Kelihatan jelas kan janggalnya? Terlebih lagi ketika si Mawar bilang "square engine banyak diaplikasi bebek Yamaha....artinya bore x stroke hampir sama.....artinya respon kurang cepat dan kecepatan maksimal kurang tinggi....contohnya jupiter z" Terlihat jelas sekali bahwa Si Mawar tidak begitu paham dengan karakter mesin. Pernyataan bore x stroke hampir sama, agak kurang tepat karena pada dasarna square engine merupakan sebutan spek mesin dengan besaran bore x stroke yang punya selisih 0mm - 0,9mm. 0,9mm adalah toleransinya yang paling maksimal. Jika tidak berada dari rentang 0mm - 0,9mm maka karakter mesin bukanlah square, bisa over bore atau over stroke.
Lebih lucunya, Si Mawar mencontohkannya adalah Jupiter Z. Bahkan pada postingan berikutnya dia bilang bahwa vega r juga square engine. Square apanya? Lihatlah baik-baik speknya Jupiter Z dan Vega R, yaitu diameter x langkah = 51mm xx 54mm.Square dari Hongkong!Sudah jelas-jelas selisihnya 3mm, apanya yang hampir sama?Jika Jupiter Znya ovs 300, maka karakter mesin baru jadi square karena bore x strokenya sama-sama 54mm. Atau yang hampir sama adalah SUpra x 125 yang di bore up pakai piston Sonic ovs 0, maka bore x strokenya jadi 58mm x 57,9mm. itu baru mesin square atau lebih tepatnya cenderung square.
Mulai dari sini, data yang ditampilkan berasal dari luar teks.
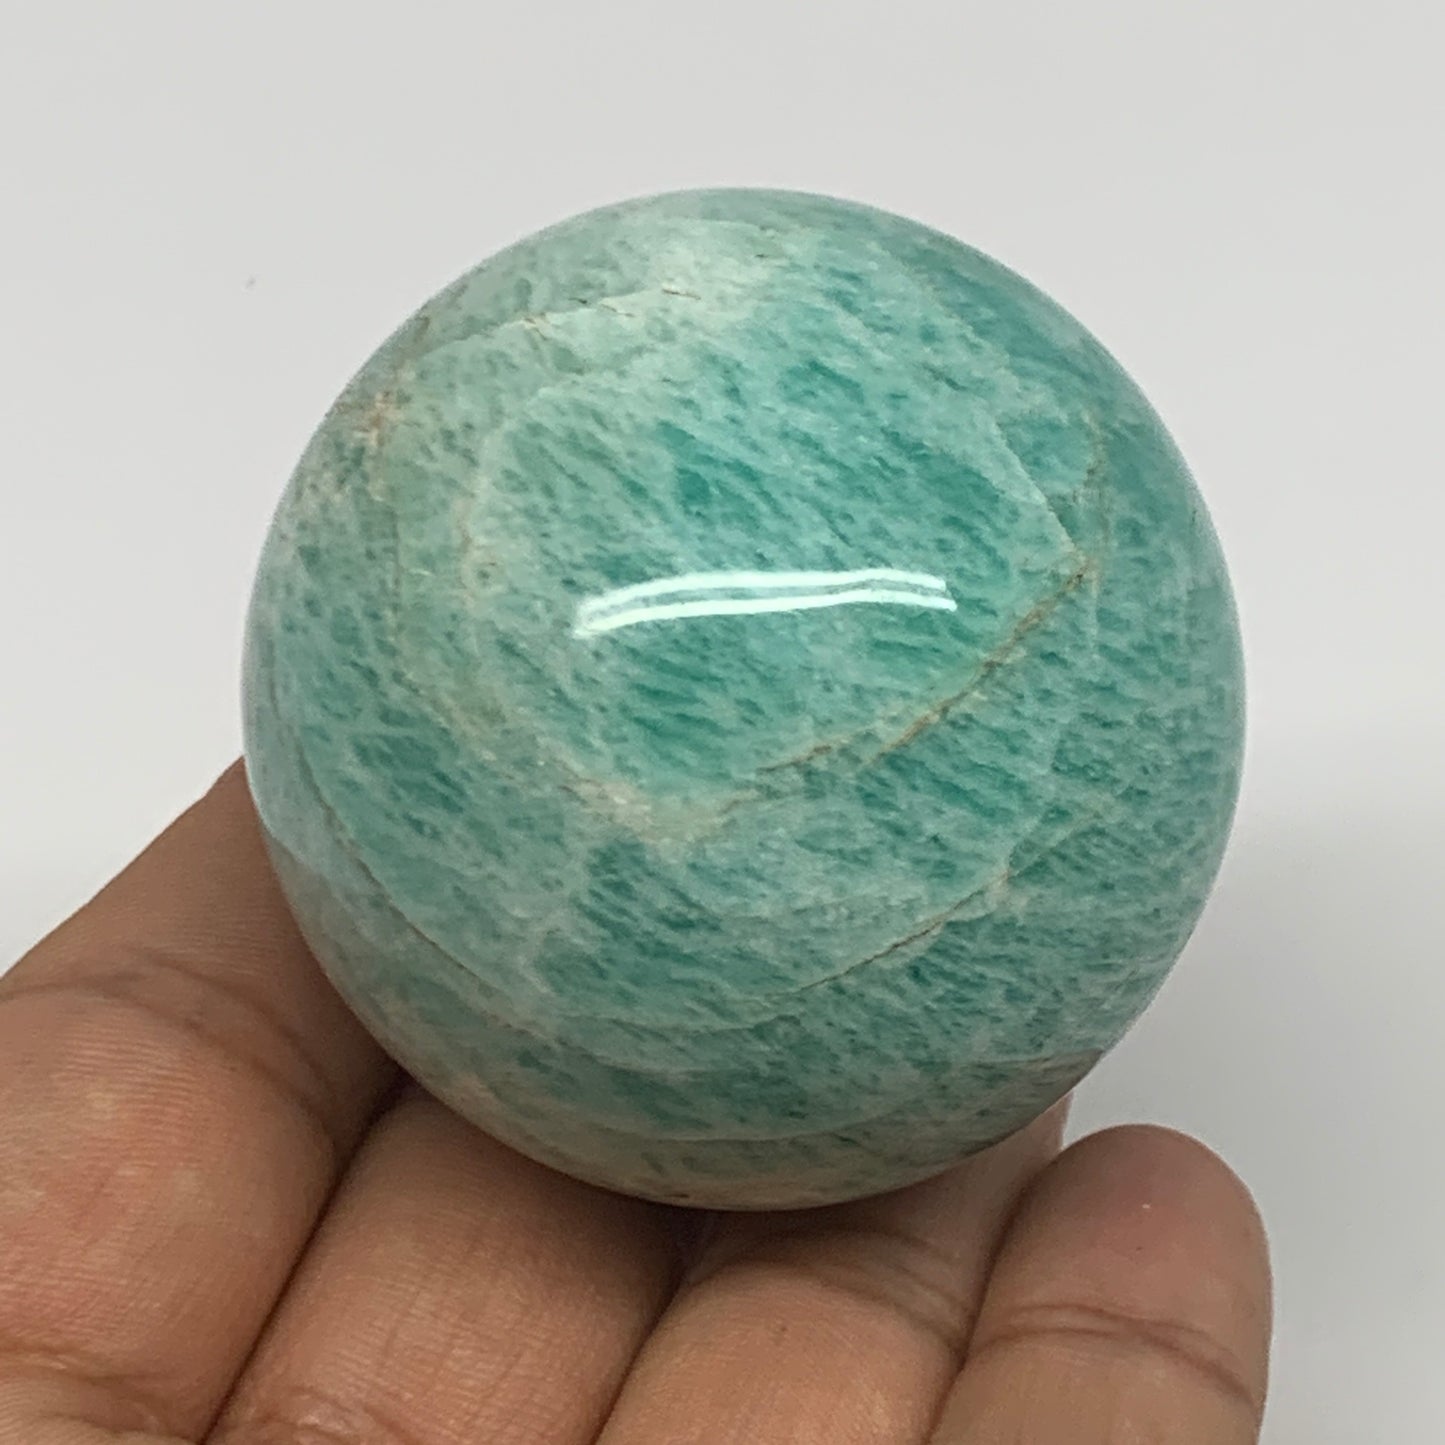 157.6g, 1.9" (49mm), Small Amazonite Sphere Ball Gemstone from Madagascar, B1578

Jadi jika tidak tahu dengan pasti dan tidak mengerti benar, lebih baik diam daripada terlihat jelas kebodohannya.

1 comments:

Anonymous said...

ngakak coy...
kalo baca dari bahasanya keliatan banget pembaca & pengamat majalah motor mau itu motor +, otoplus, ototrend.

cz bacaan majalah motor sering kali banyak melencengnya entah itu dari salah ketik atau salah nara sumber.... :D

yg jelas mau pabrikan honda, yamaha, suzuki, atau kawasaki. itu punya kelebihan sendiri tenaga pada putaran mesinnya, jadi tiap merk bawanya musti beda.

soal design mesin overbore/stroke kayanya beda sedikit deh kalo untuk ukuran motor mesin datar.